Available data
-- Opening Marker --

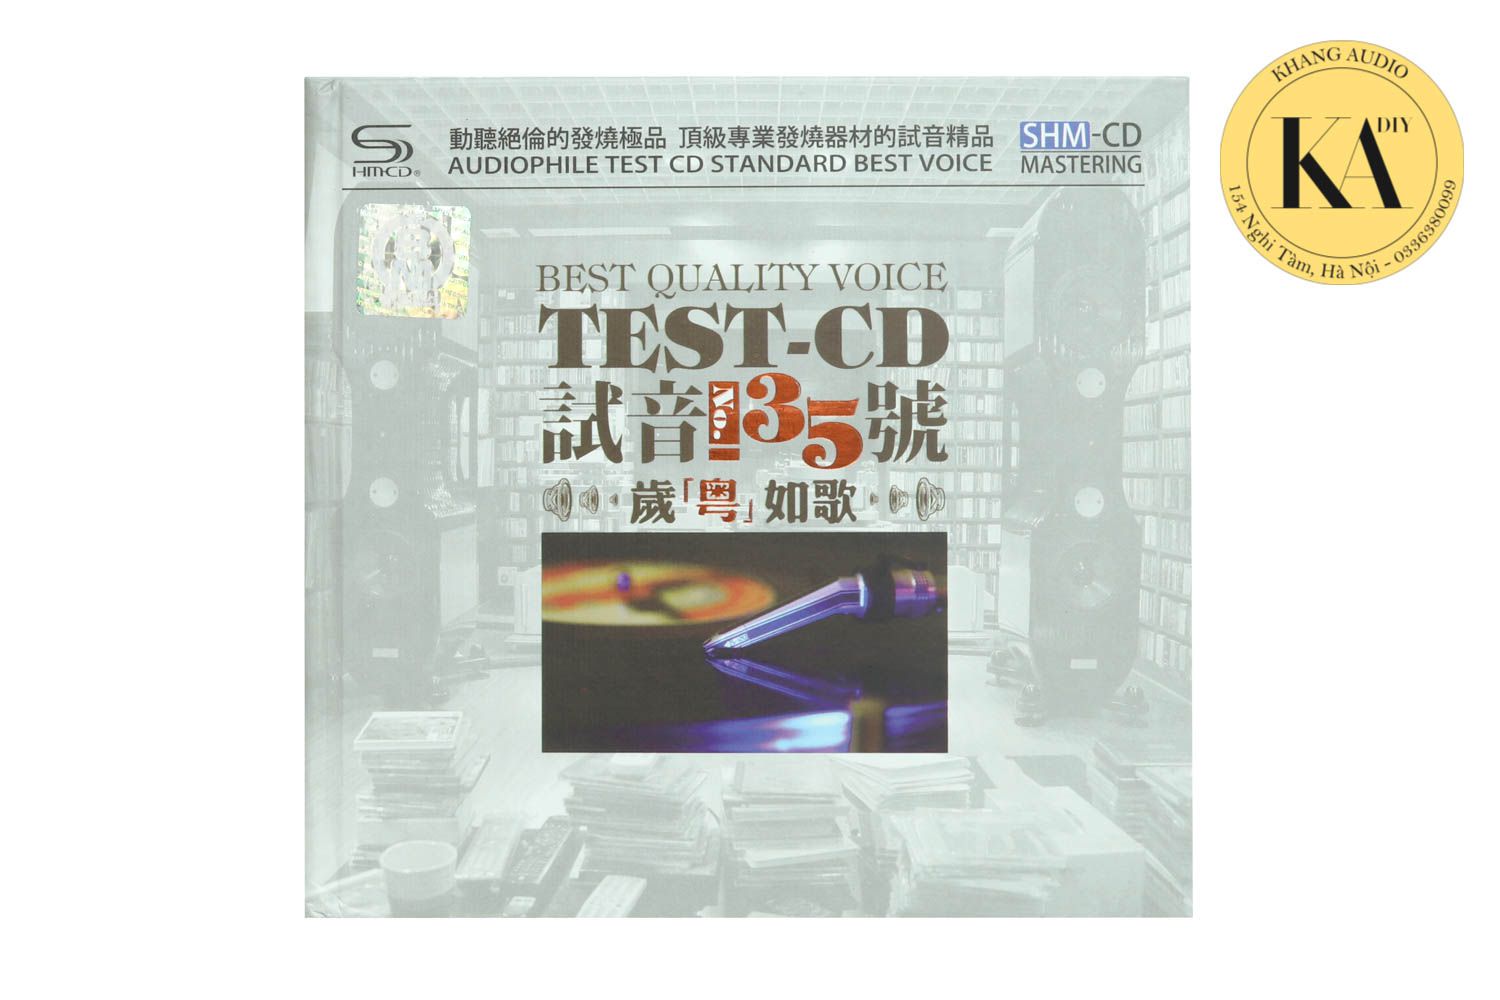 Test CD No.35 Khang Audio 0336380099
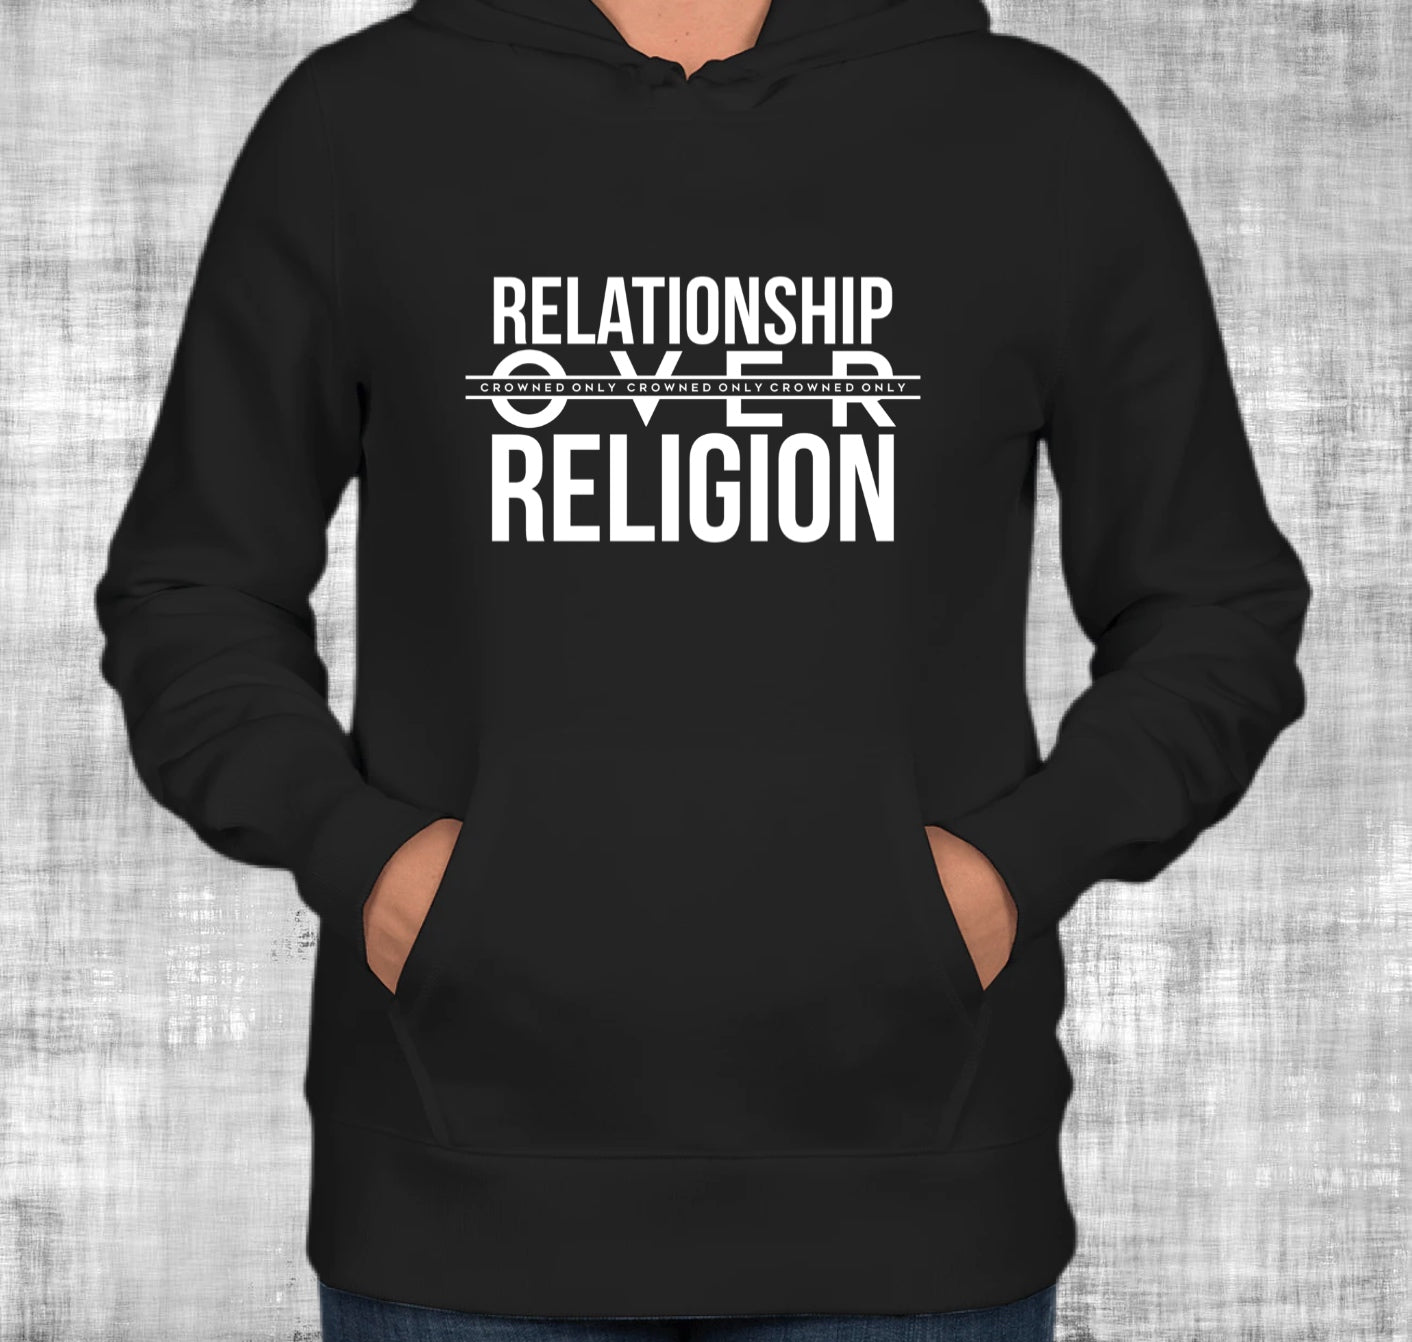 Relationship Over Religion - Women’s Hoody
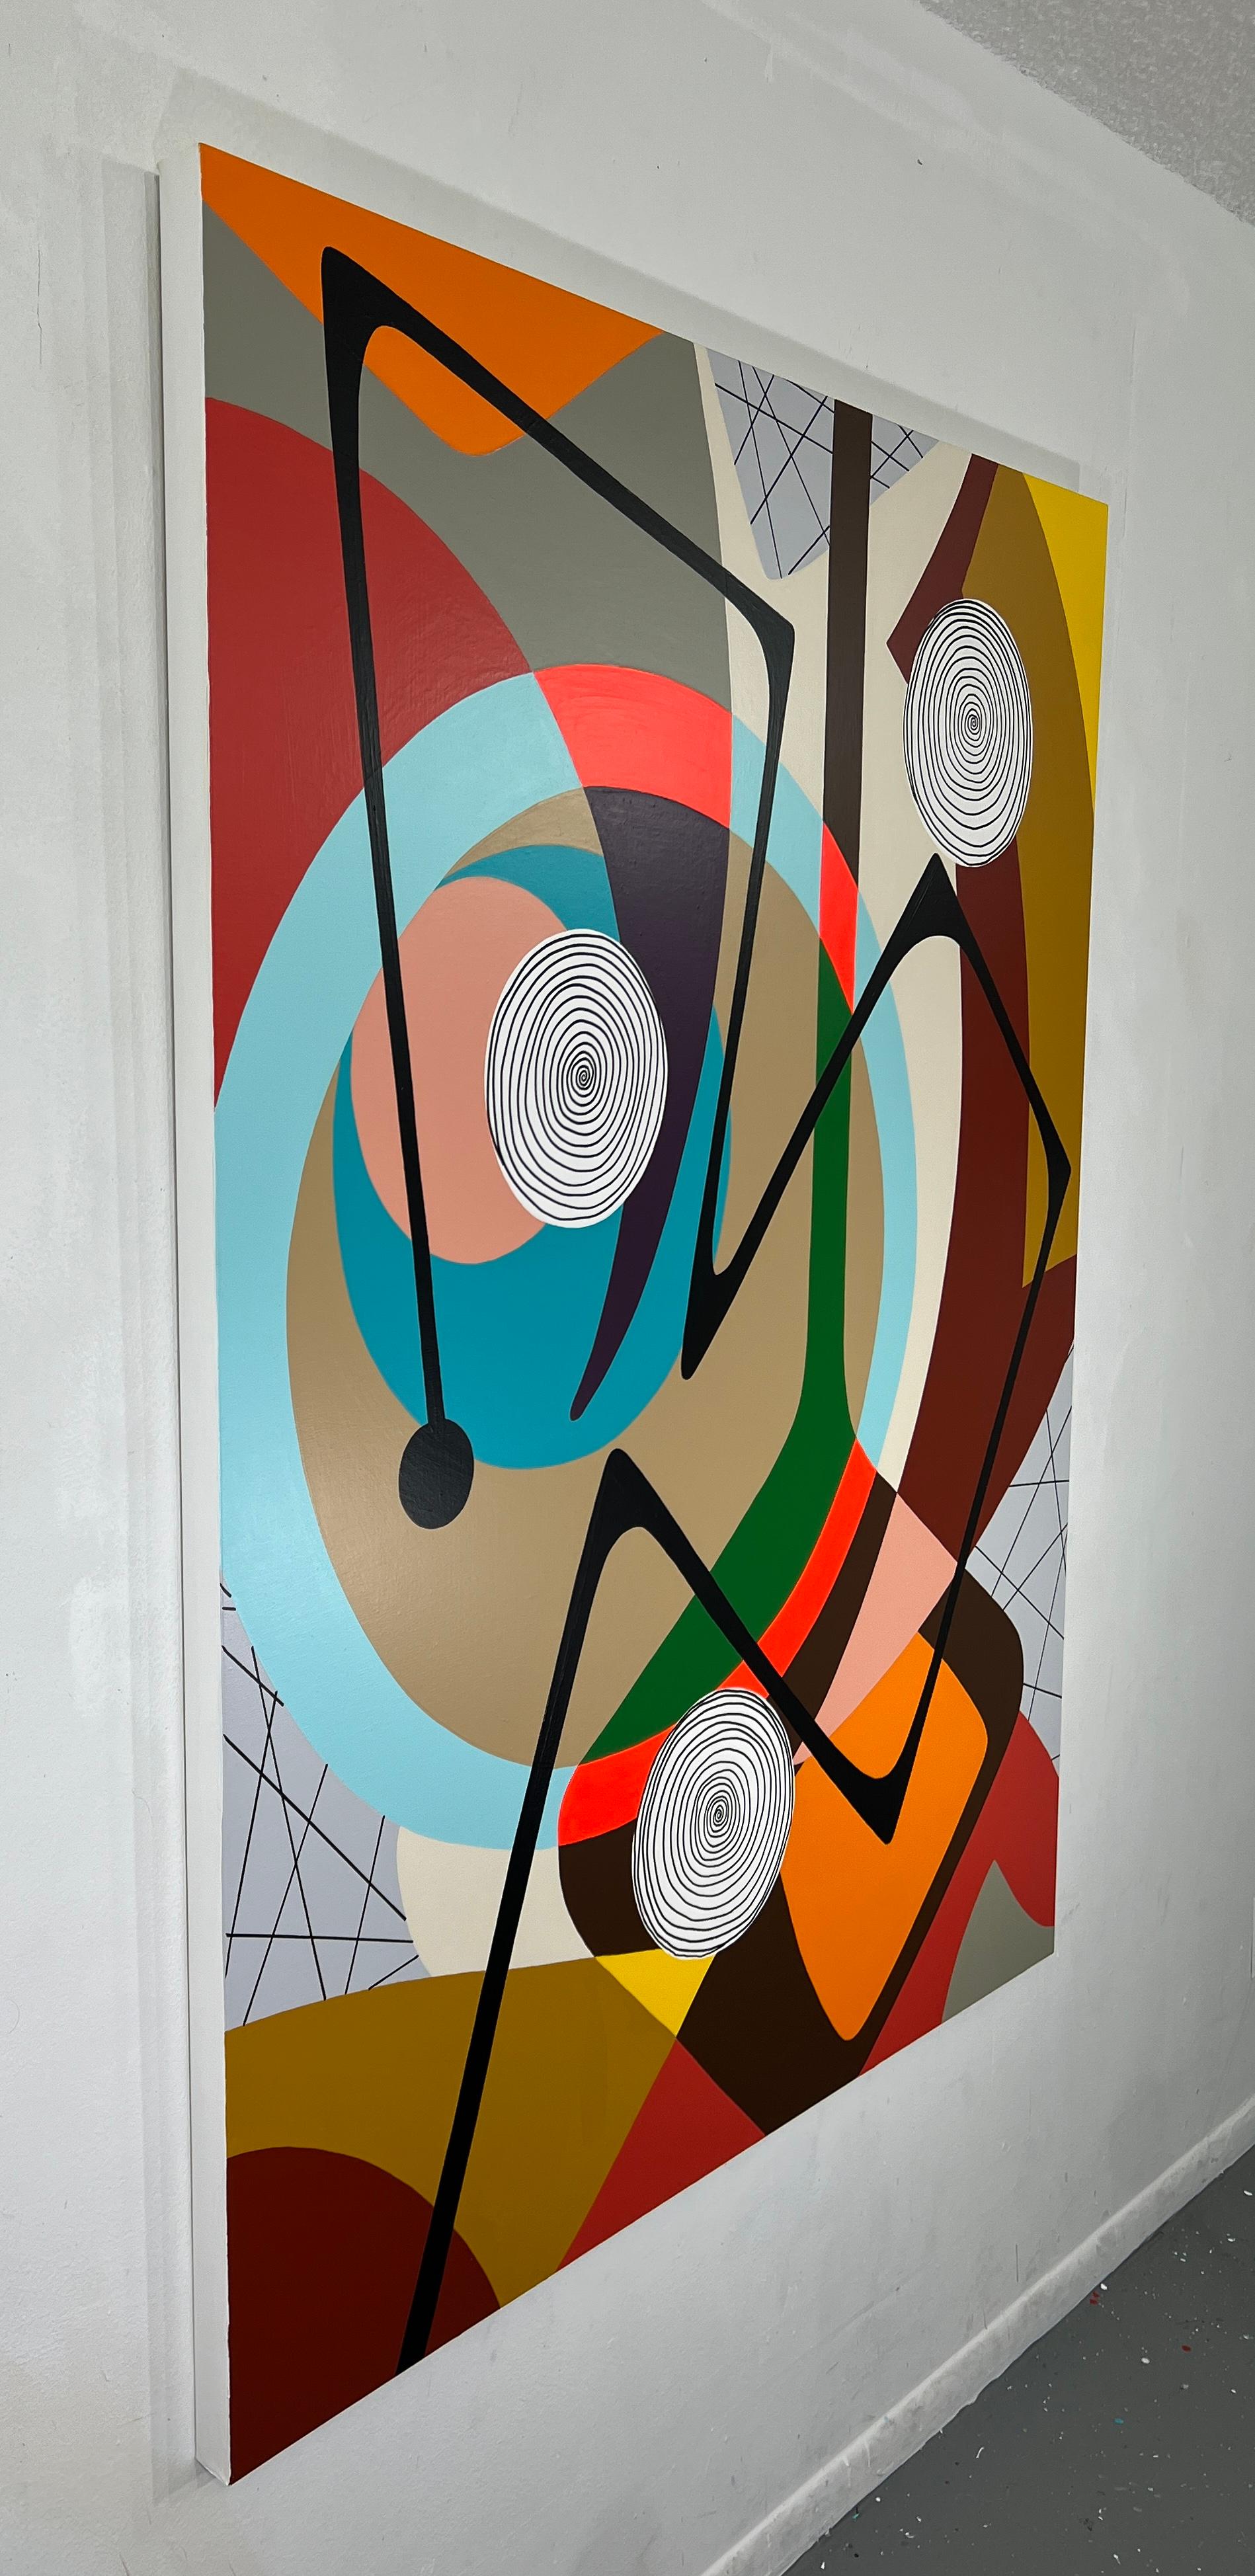 Music to my eyes - Abstract Geometric Painting by Amauri Torezan
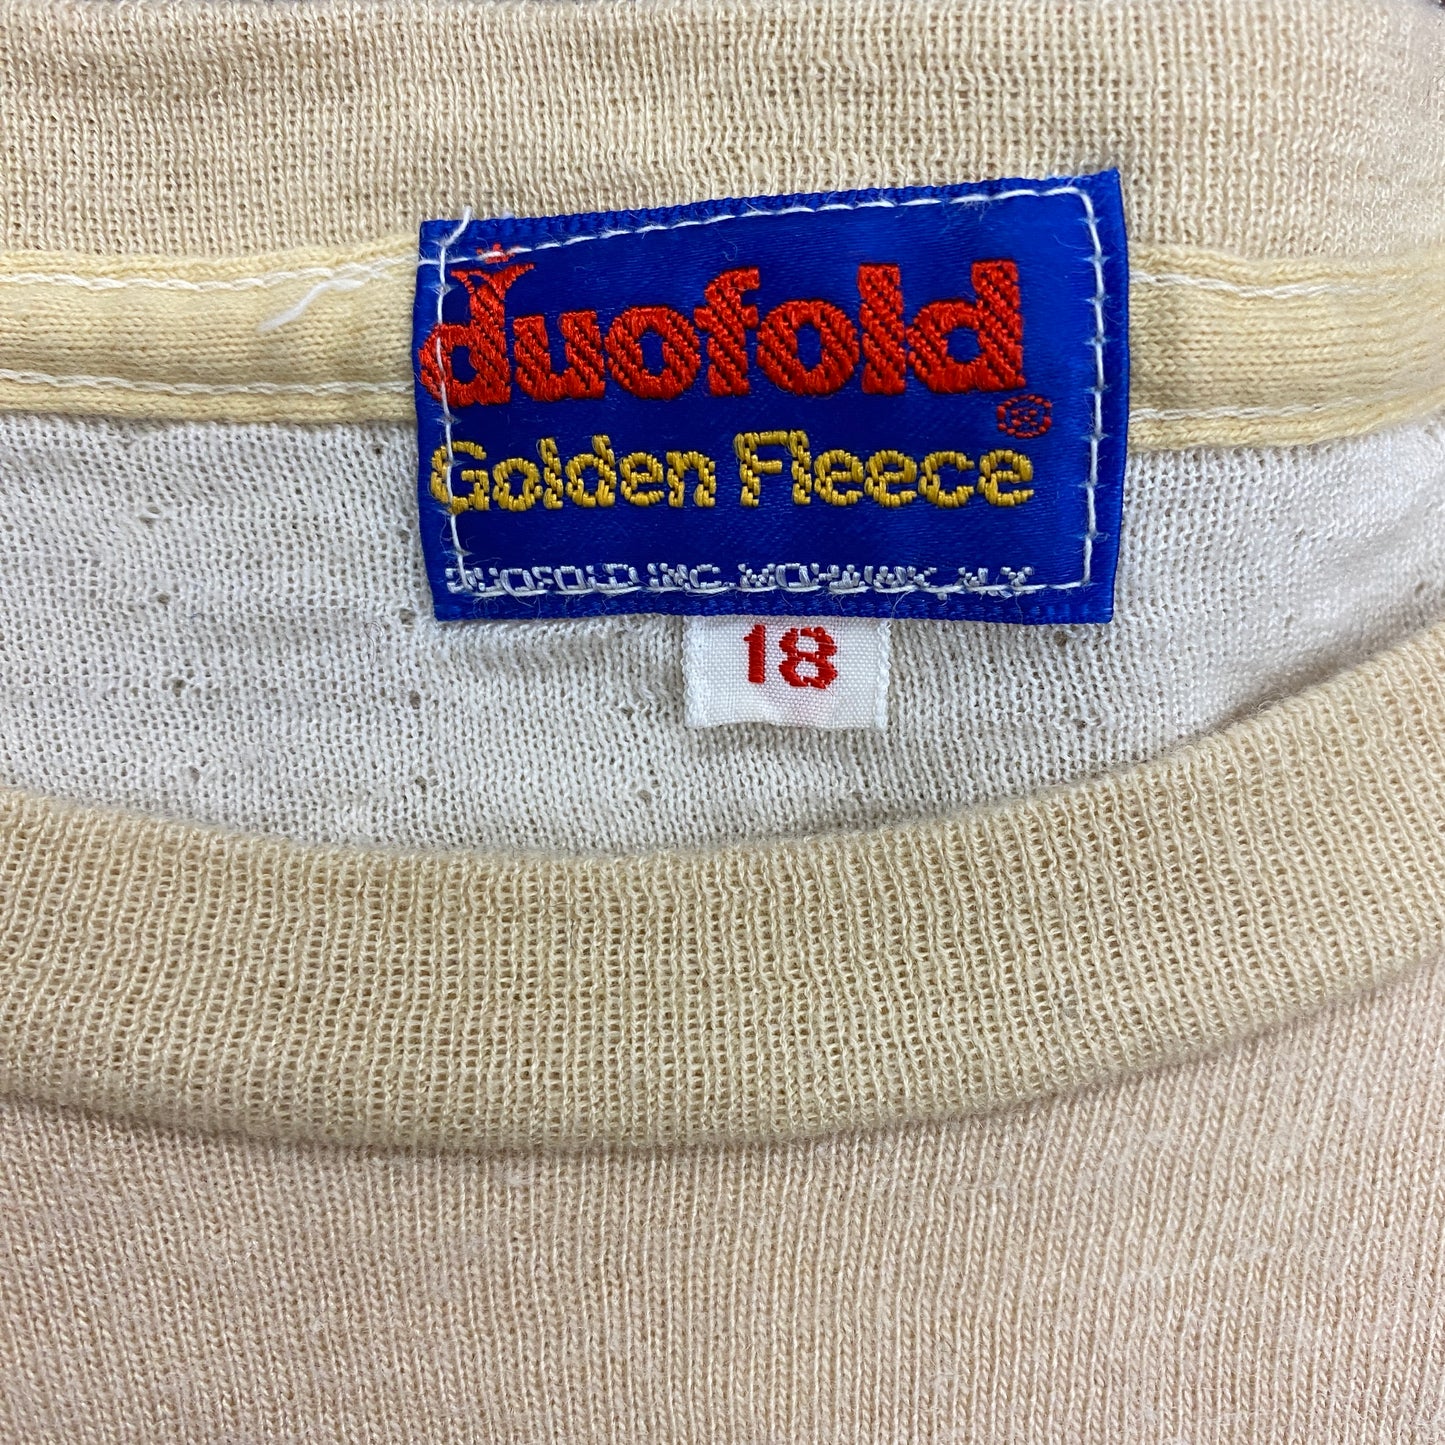 Vintage 70s Duofold (Mohawk NY) "Golden Fleece" Thermal Shirt - Size Medium

-- Closing Marker --

Your goal
Copy out the data above to the letter, and keep every picture out of it.

Output for this exercise
 Test CD No.35 Khang Audio 0336380099
 Relationship Over Religion - Women’s Hoody
 Music to my eyes - Abstract Geometric Painting by Amauri Torezan
 Vintage 70s Duofold (Mohawk NY) "Golden Fleece" Thermal Shirt - Size Medium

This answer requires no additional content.